> _Exercise aim_
Copy everything in the data below exactly except the pictures.
(Recorded data Opens)
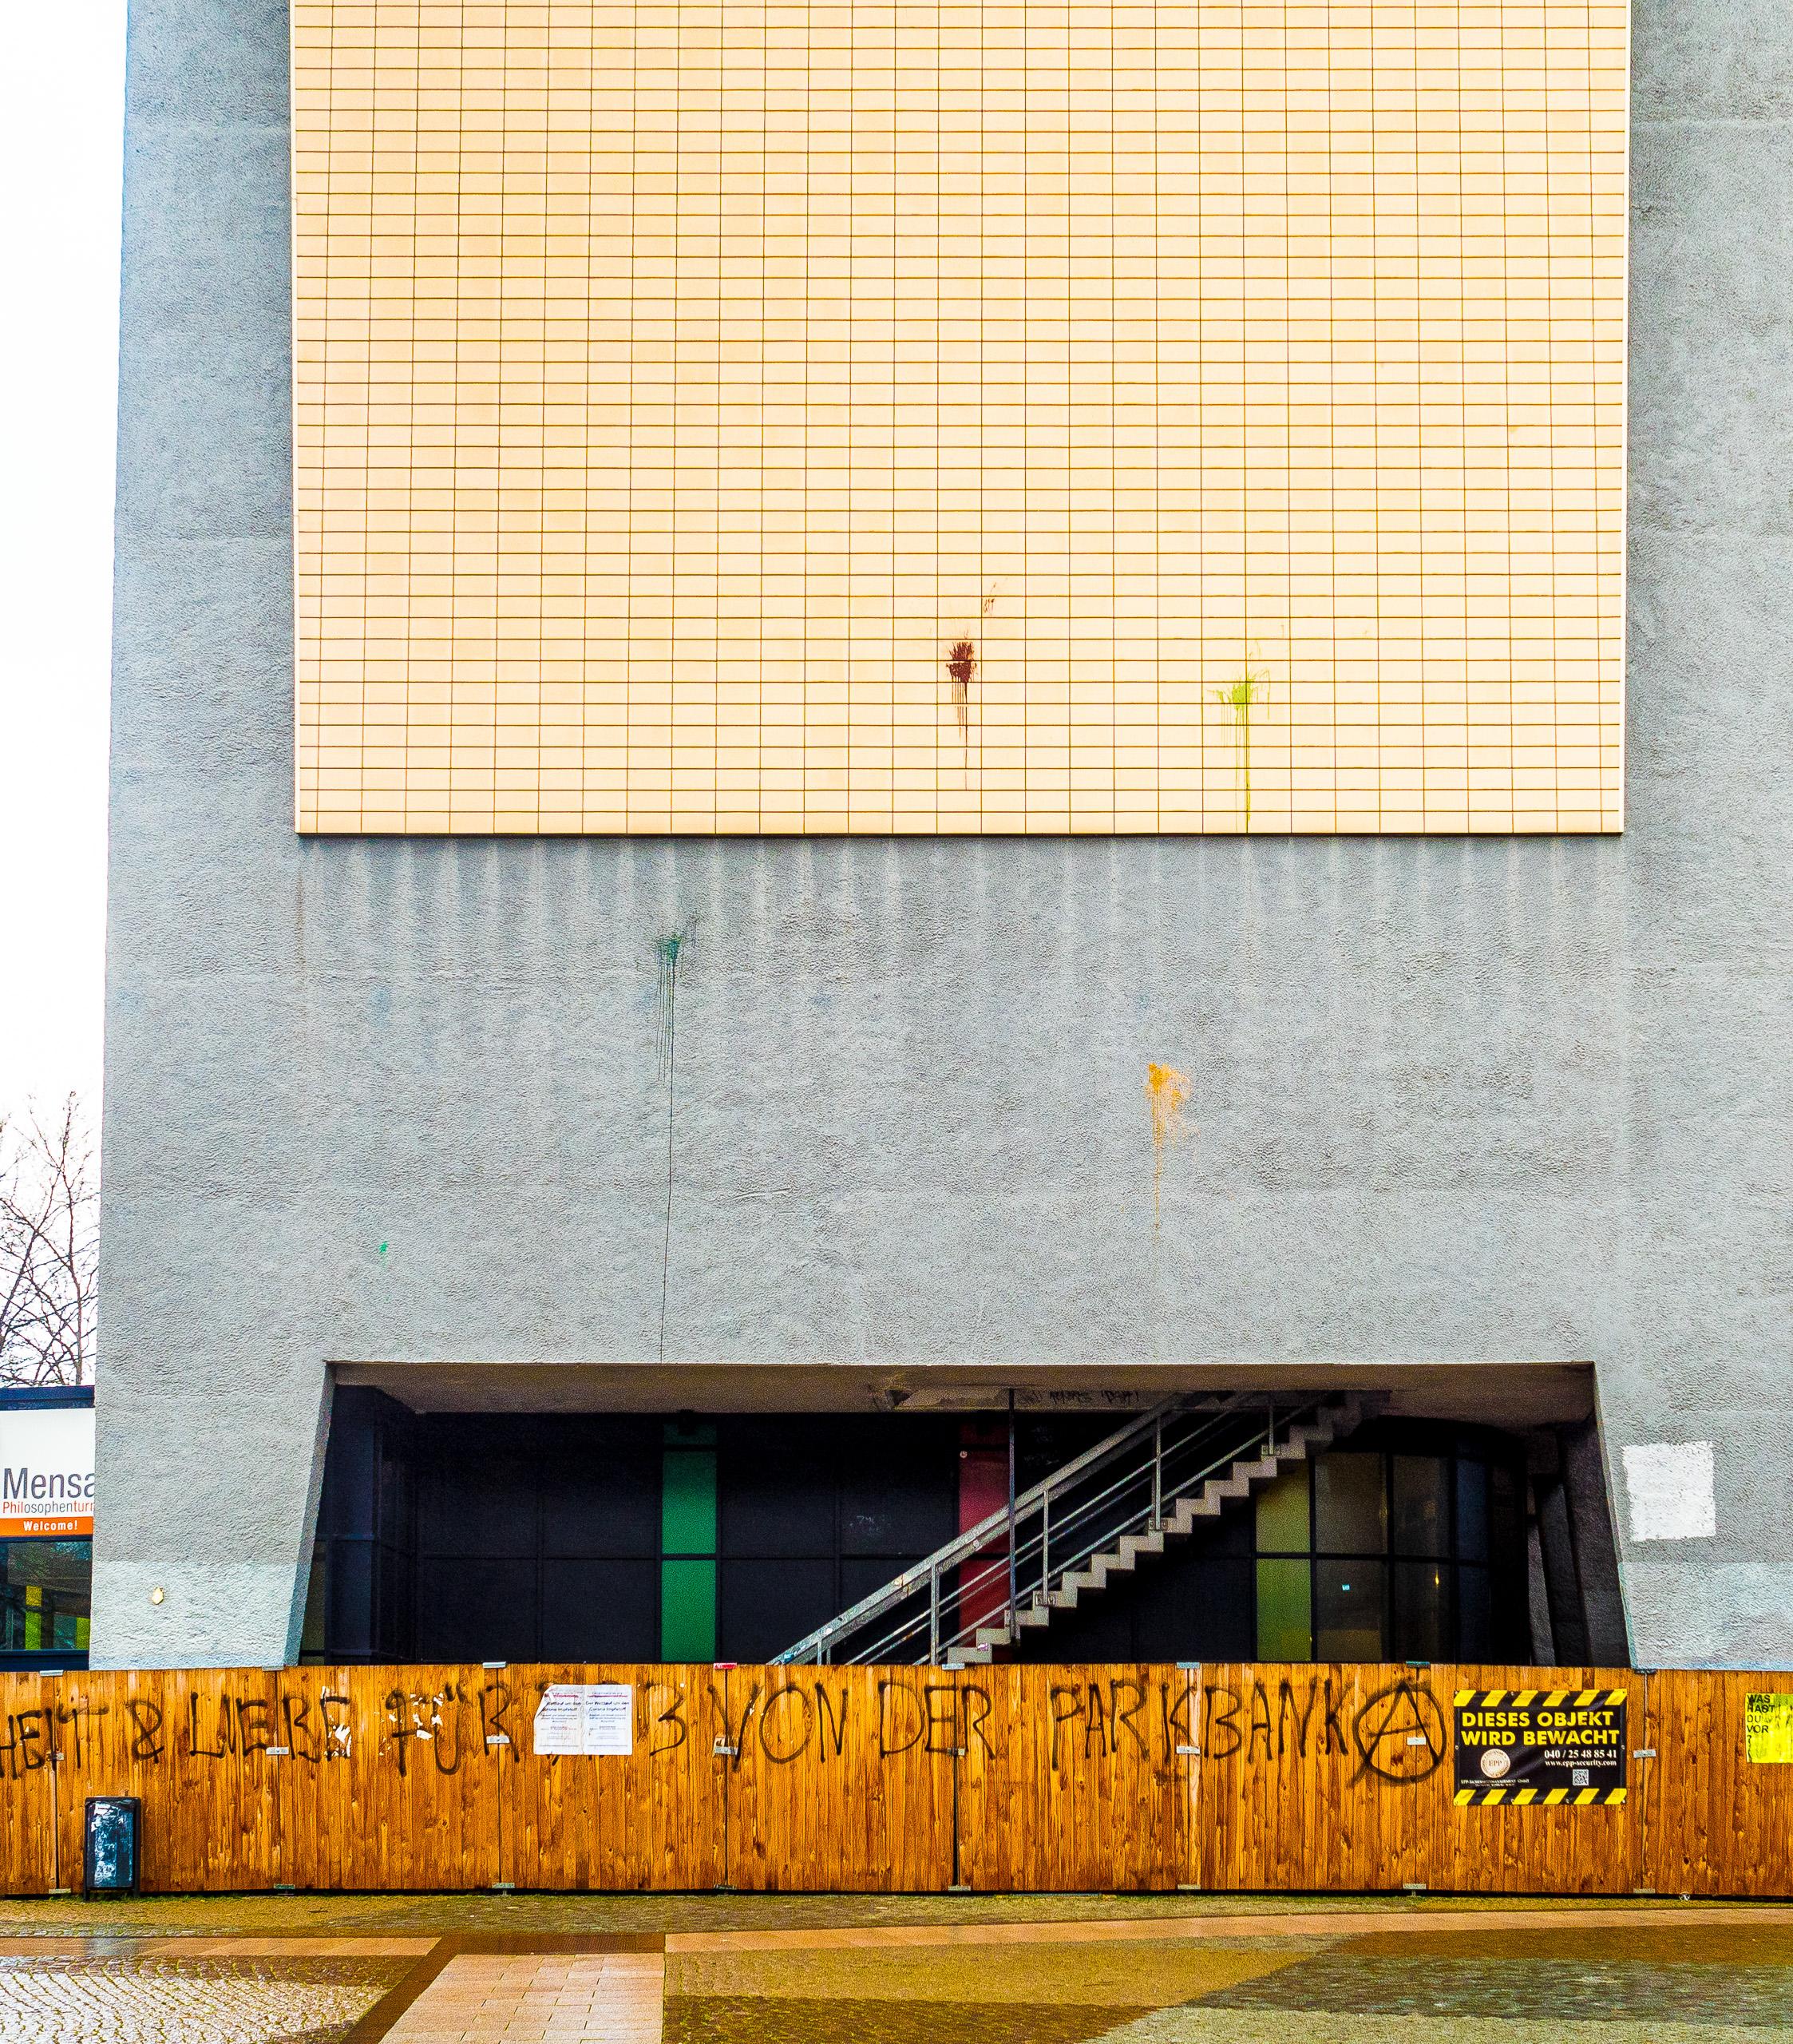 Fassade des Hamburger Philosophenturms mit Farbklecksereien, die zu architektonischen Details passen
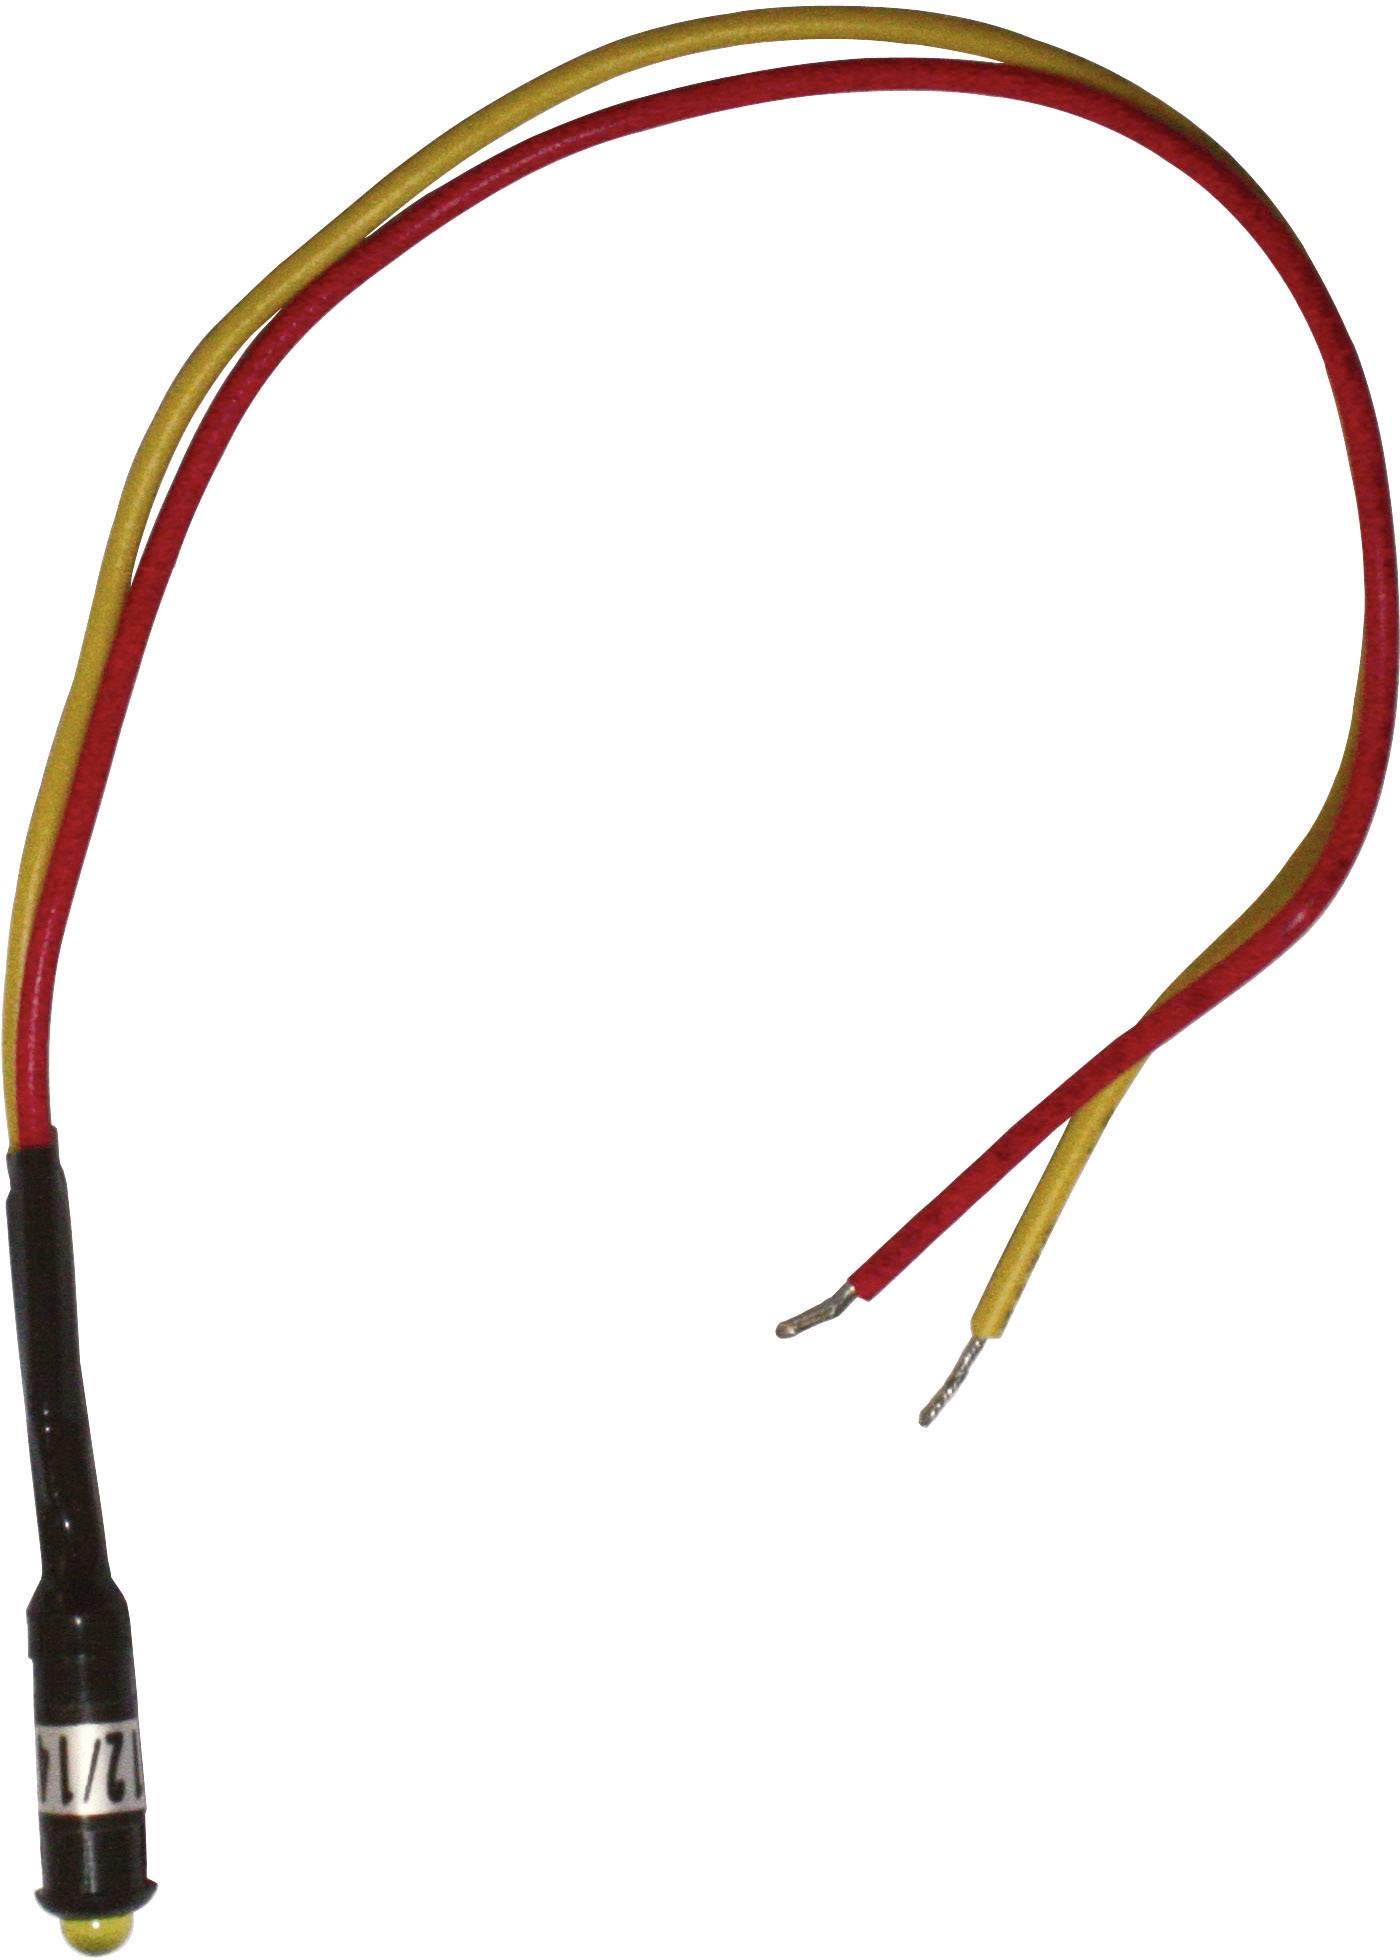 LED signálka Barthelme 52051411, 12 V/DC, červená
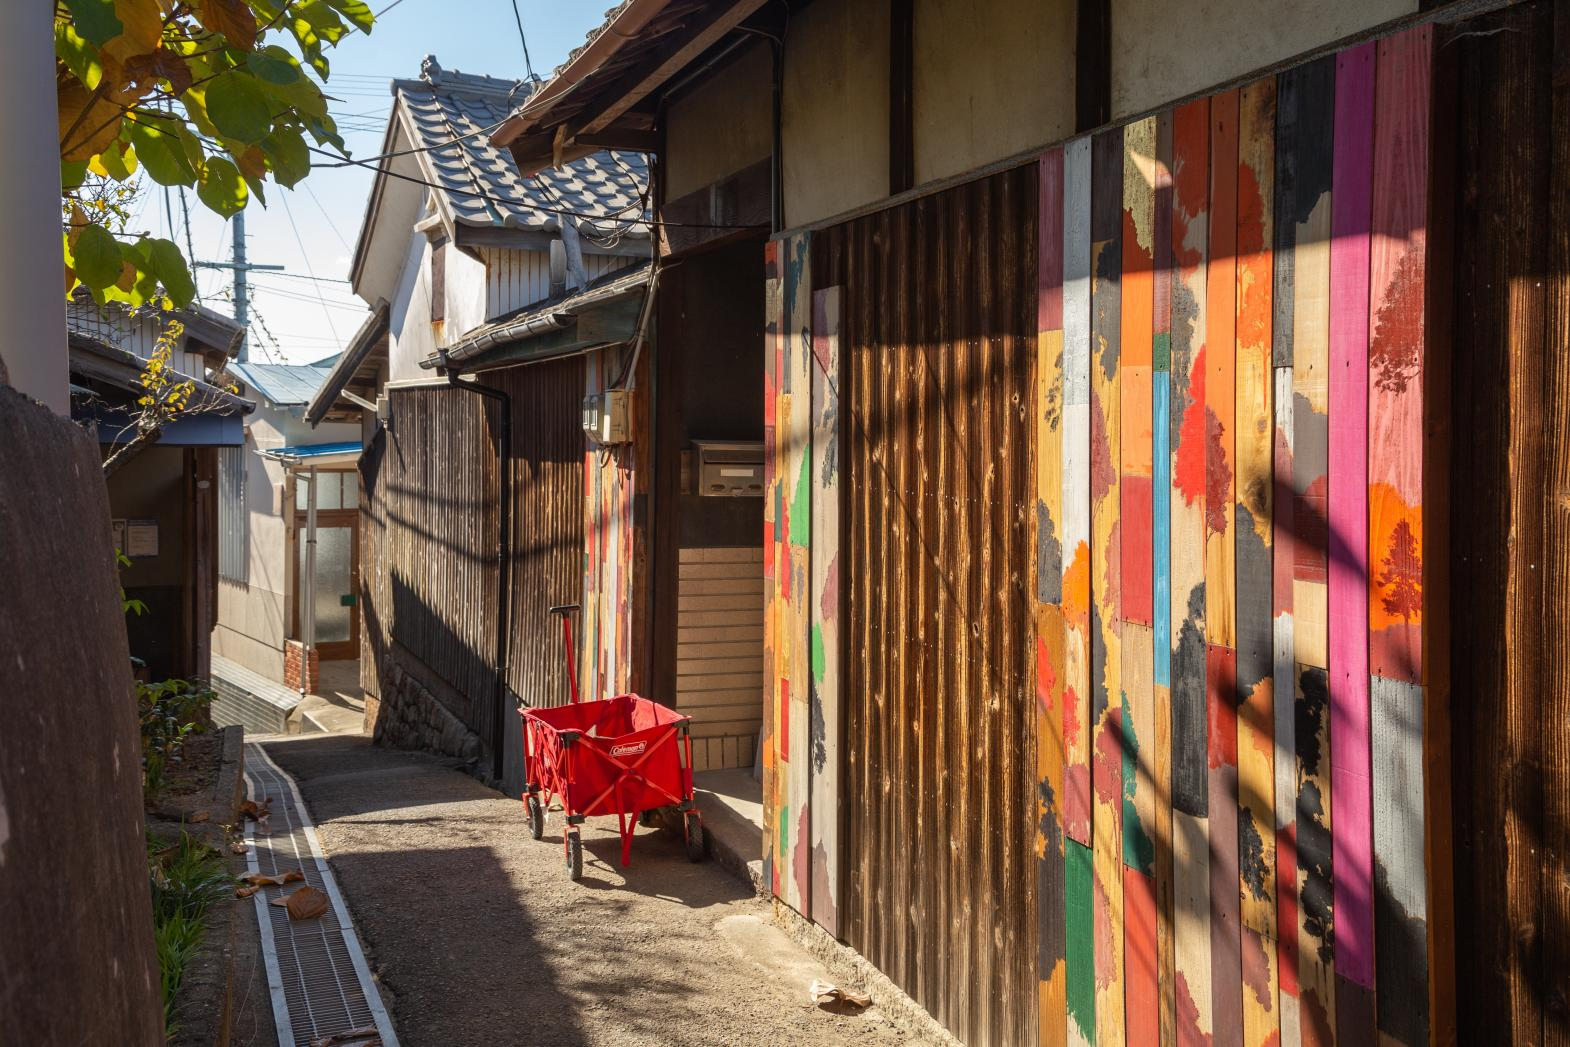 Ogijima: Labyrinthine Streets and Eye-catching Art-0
(Recorded data Closes)
> _Exercise response_
 Fassade des Hamburger Philosophenturms mit Farbklecksereien, die zu architektonischen Details passen
 LED signálka Barthelme 52051411, 12 V/DC, červená
 Ogijima: Labyrinthine Streets and Eye-catching Art-0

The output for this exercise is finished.